**Work item**
Output the full listing below exactly, without the pictures.

======== Available data ========

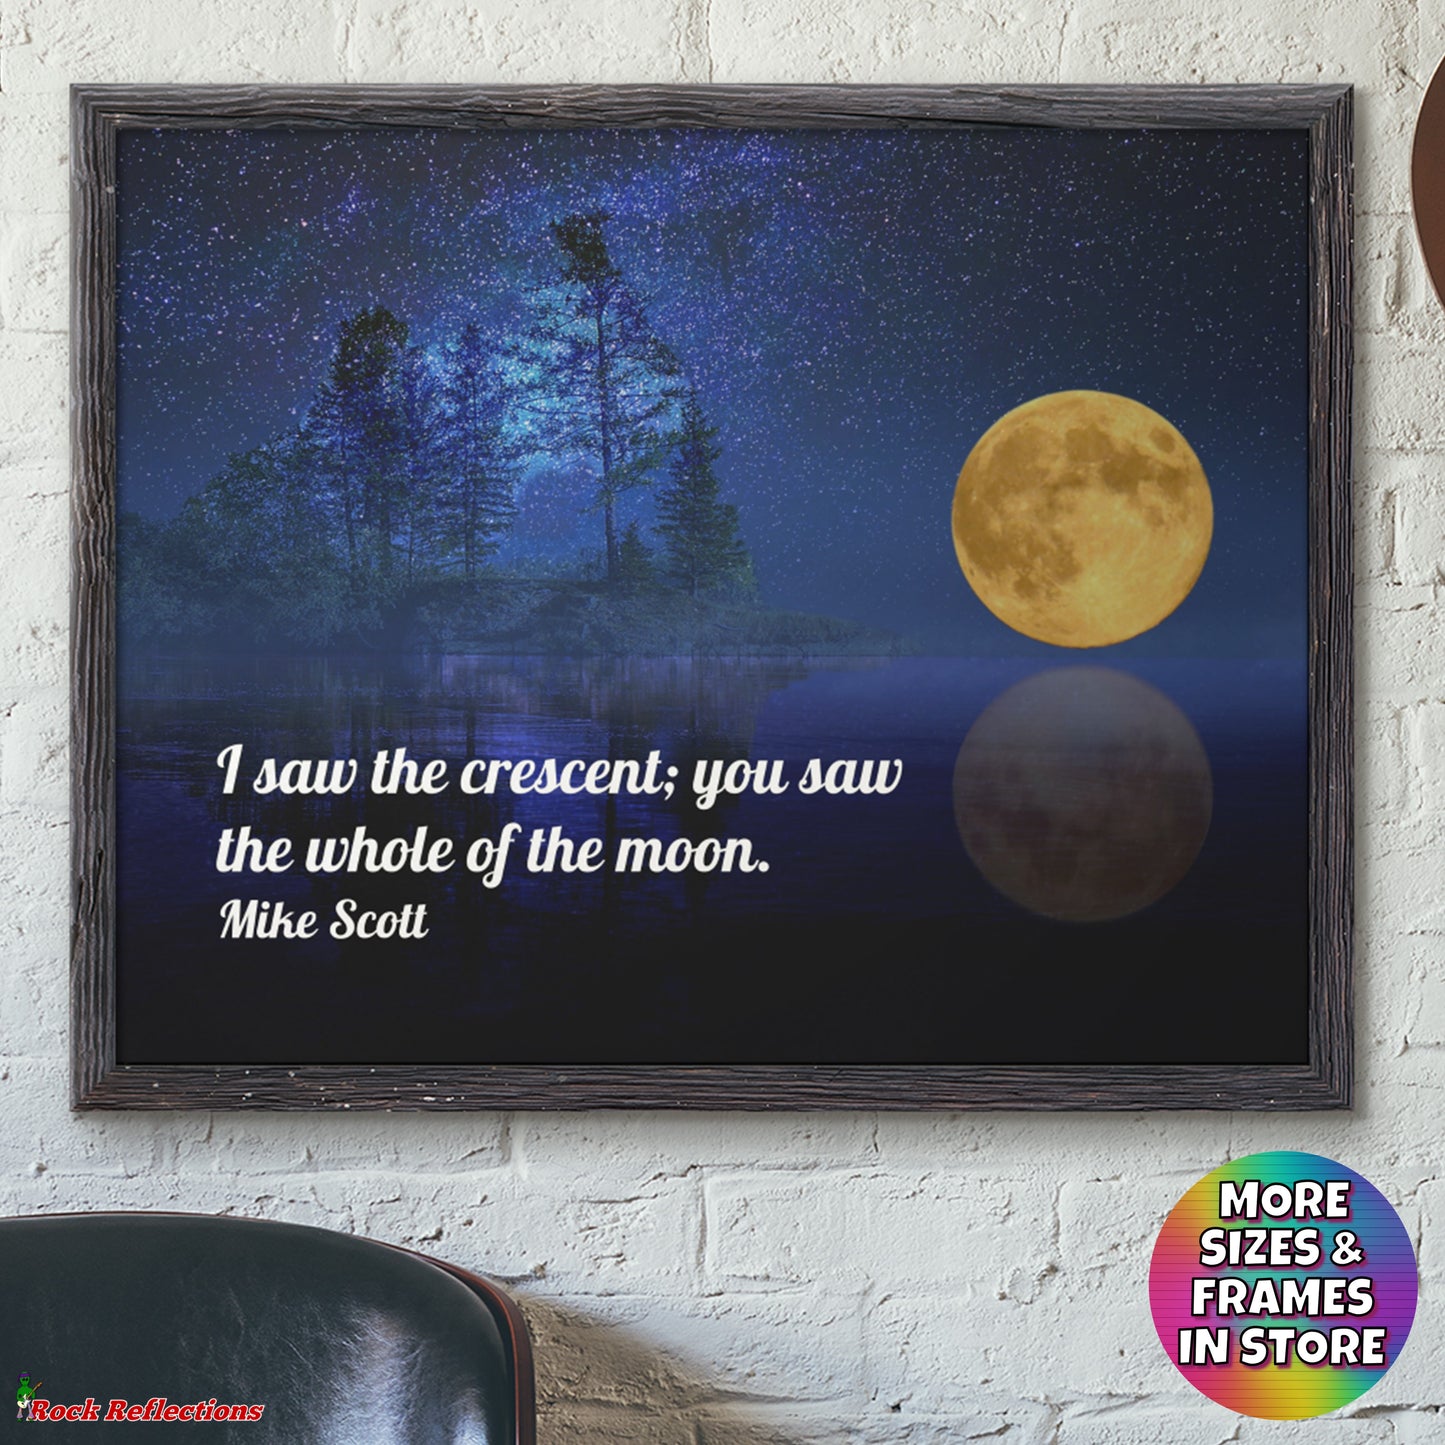 I Saw The Crescent - Music Quote Framed Print Gelato
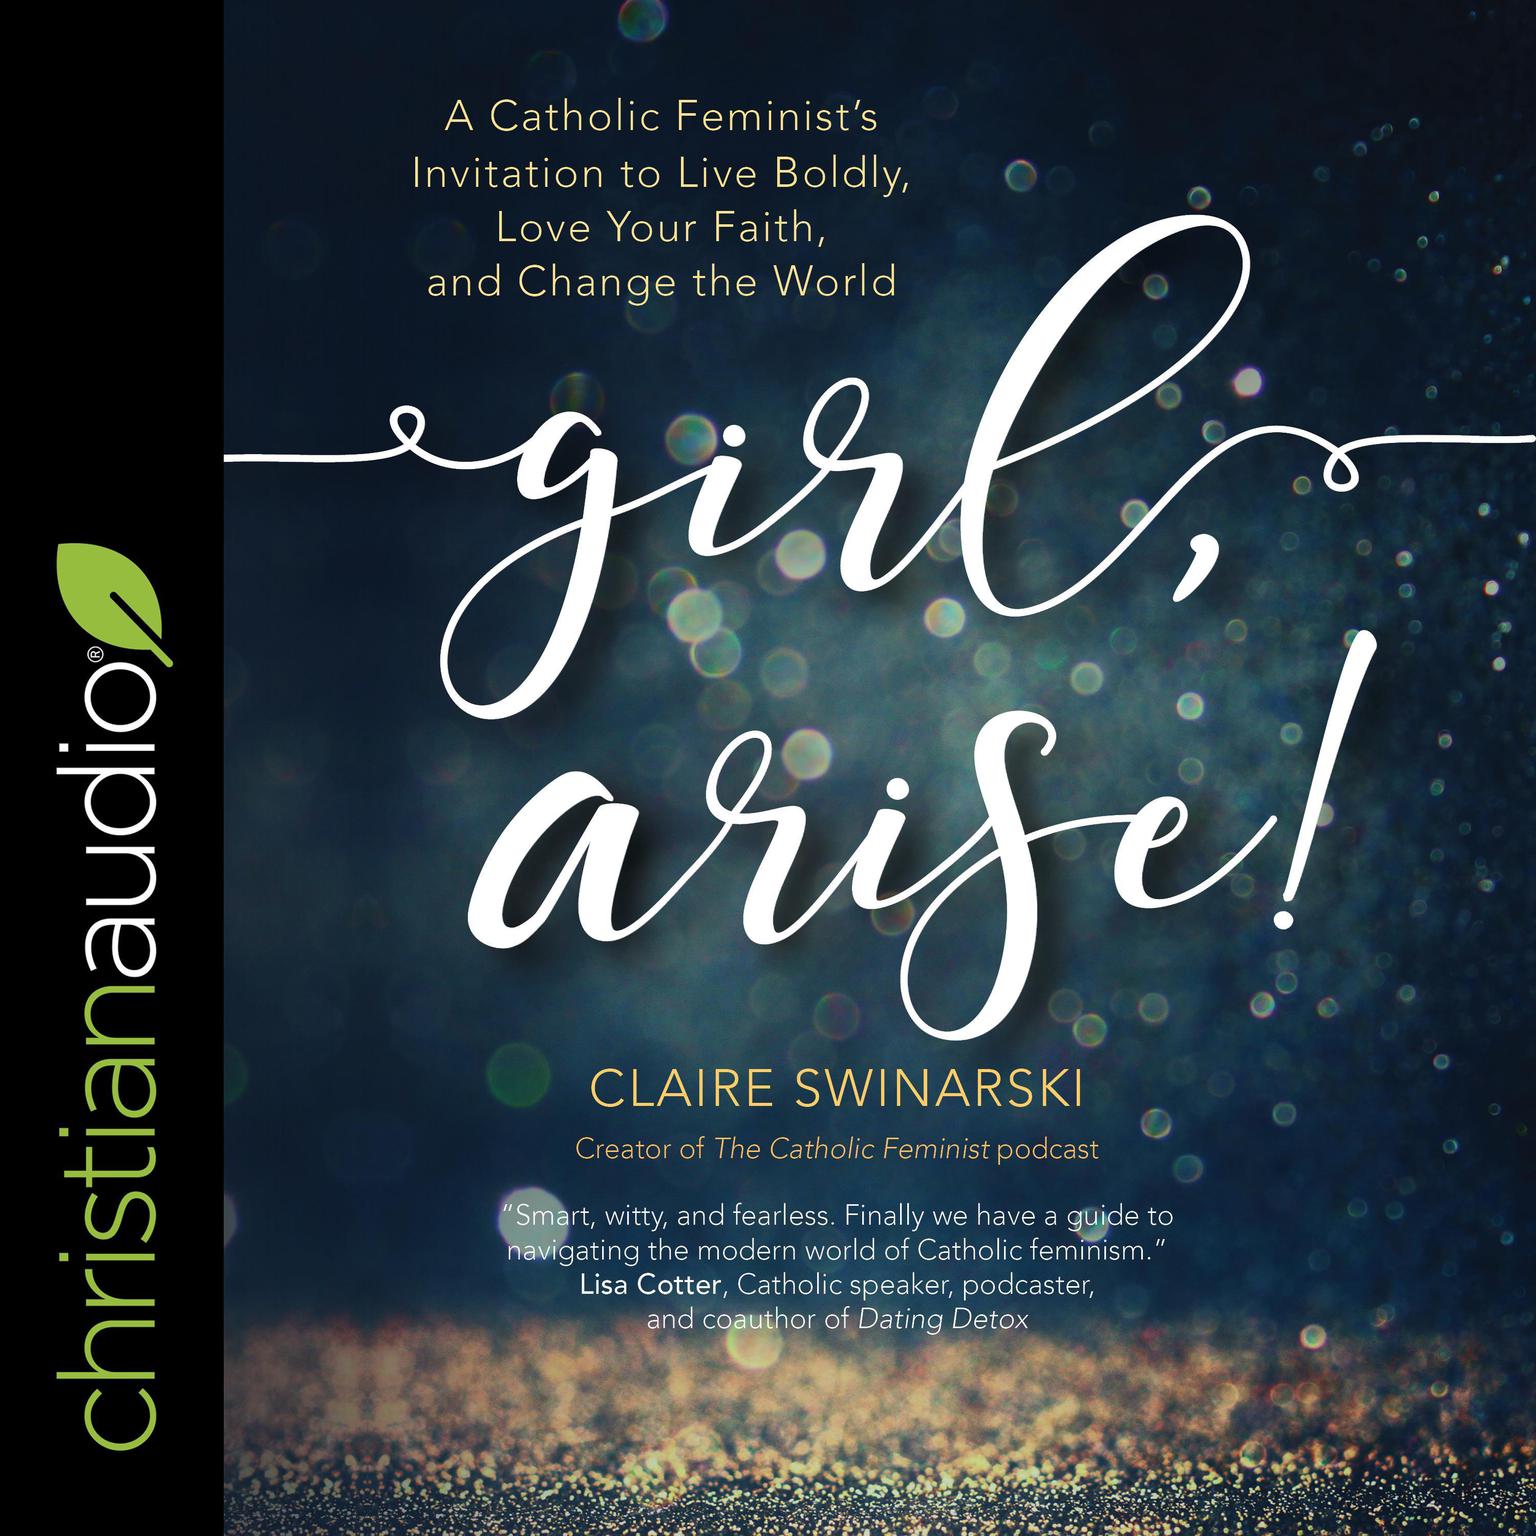 Girl, Arise!: A Catholic Feminists Invitation to Live Boldly, Love Your Faith, and Change the World Audiobook, by Claire Swinarski
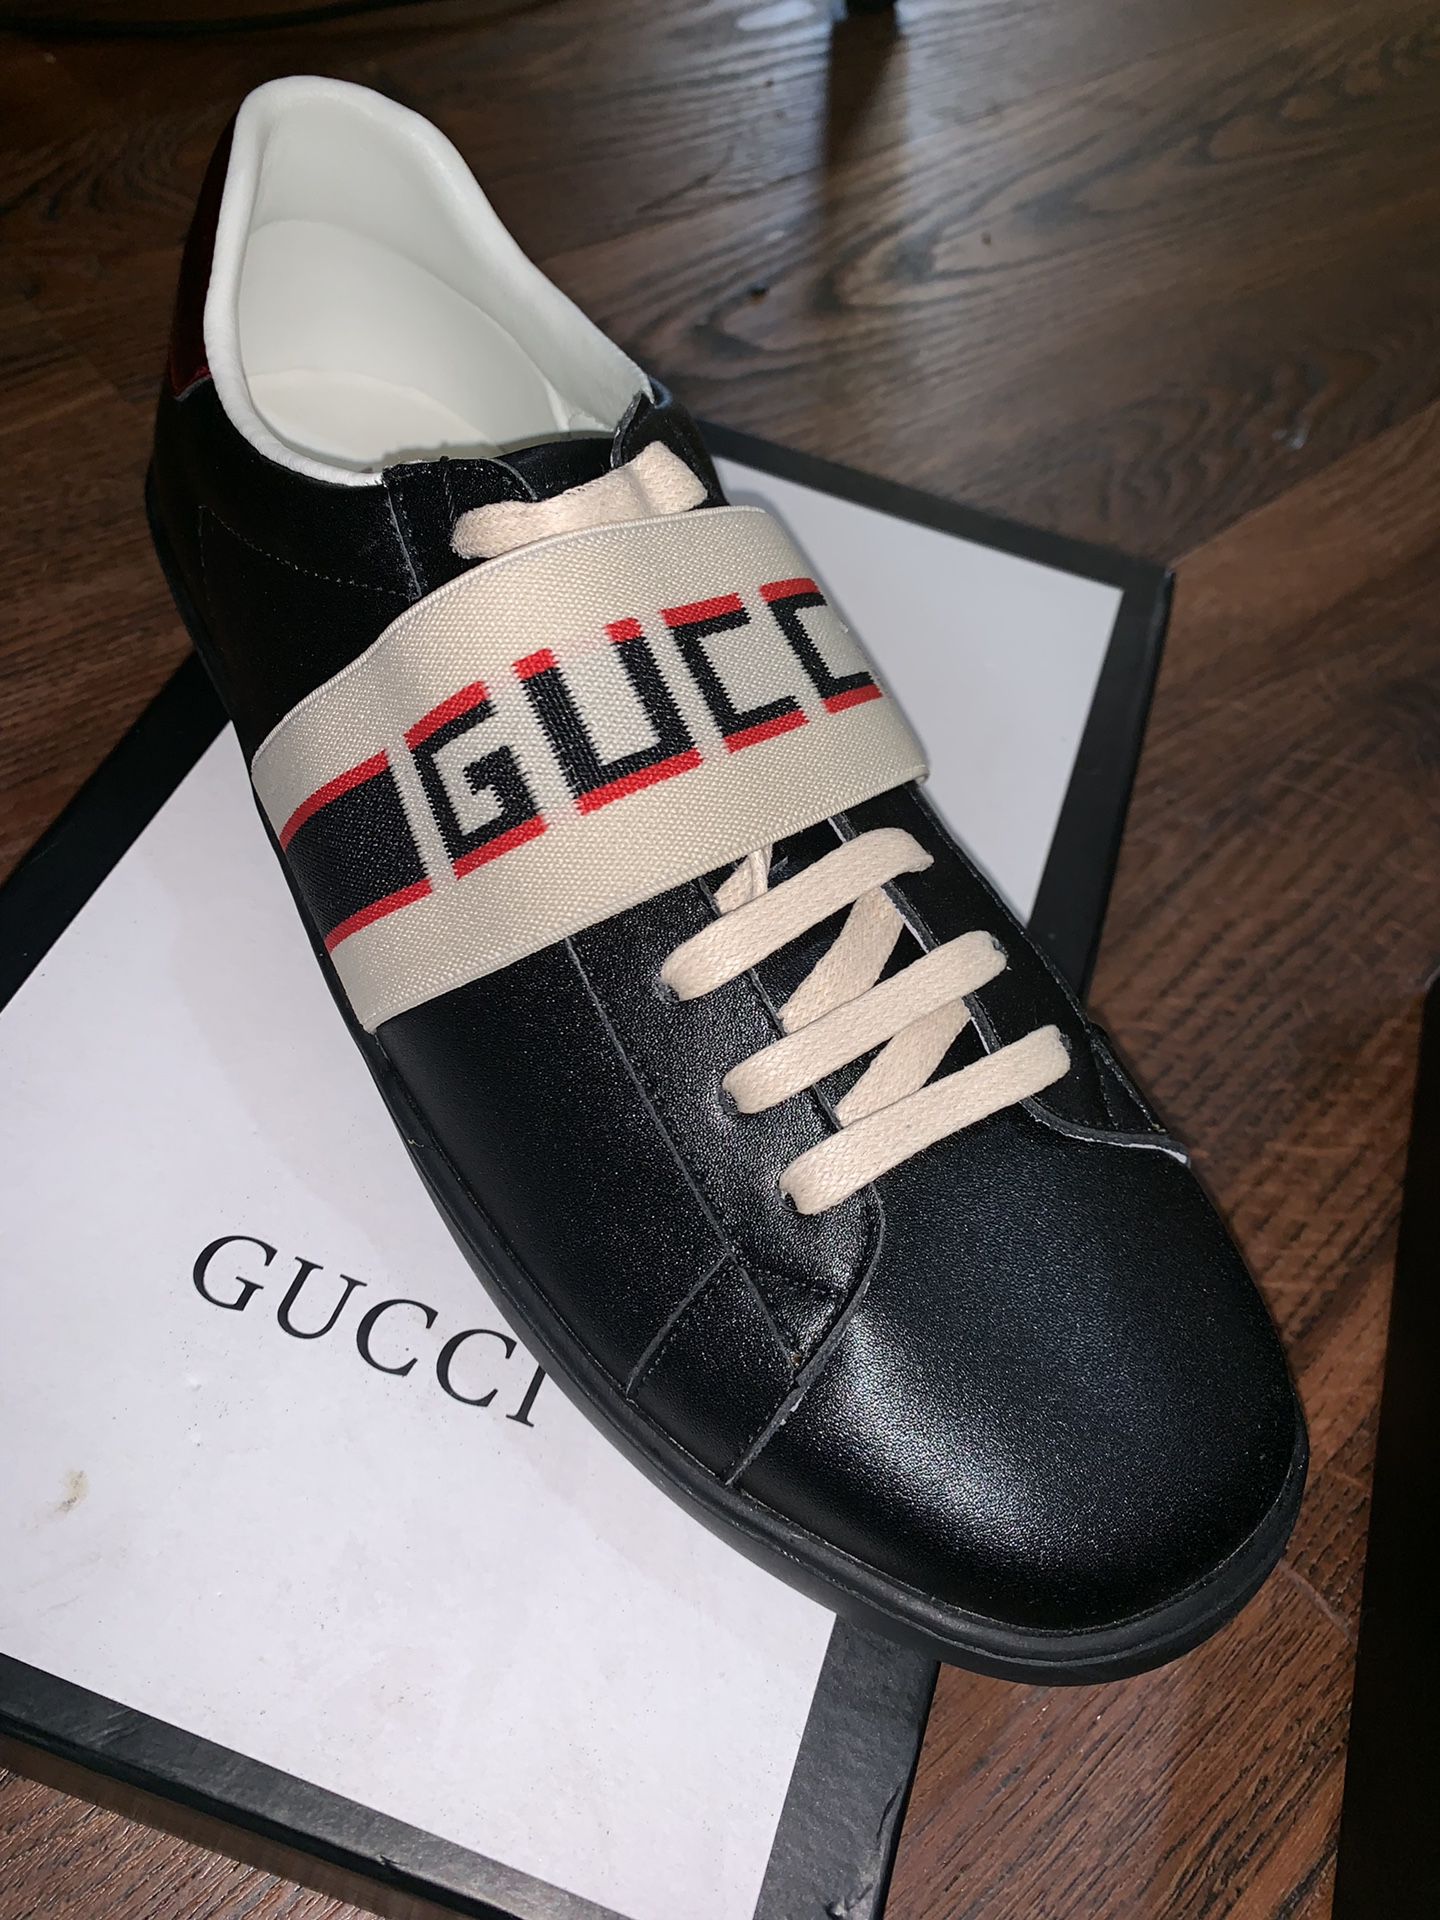 Brand new Gucci Sneakers (size 10)
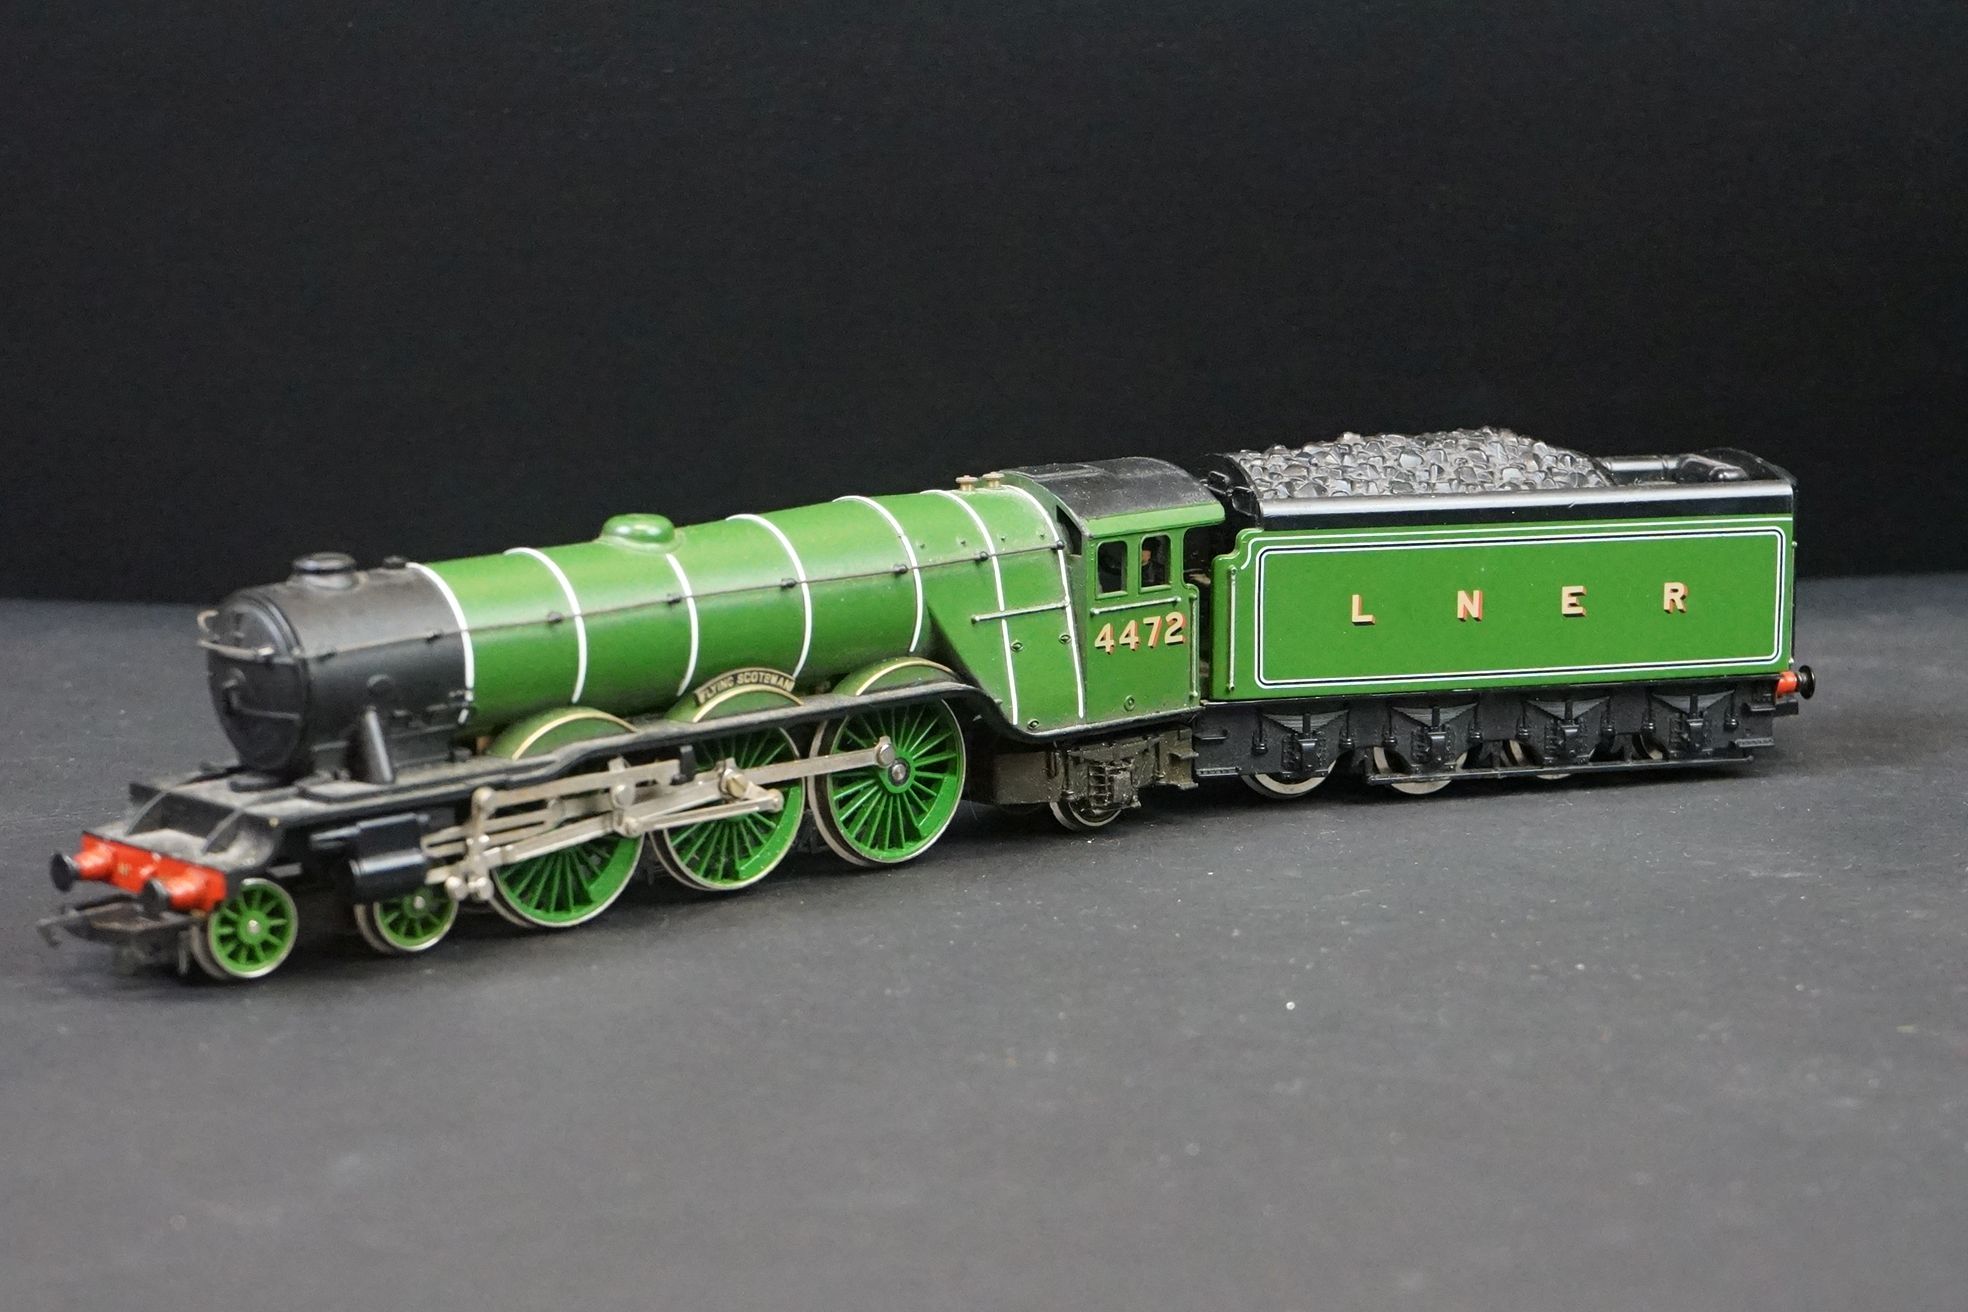 13 OO gauge locomotives to include Hornby, Lima & Airfix featuring Hornby Dublo 2-8-0LMS in black, - Image 9 of 12

========

**Problem solution**
 I Saw The Crescent - Music Quote Framed Print Gelato
 Girl, Arise!: A Catholic Feminists Invitation to Live Boldly, Love Your Faith, and Change the World Audiobook, by Claire Swinarski
 Brand new Gucci Sneakers (size 10)
 13 OO gauge locomotives to include Hornby, Lima & Airfix featuring Hornby Dublo 2-8-0LMS in black, - Image 9 of 12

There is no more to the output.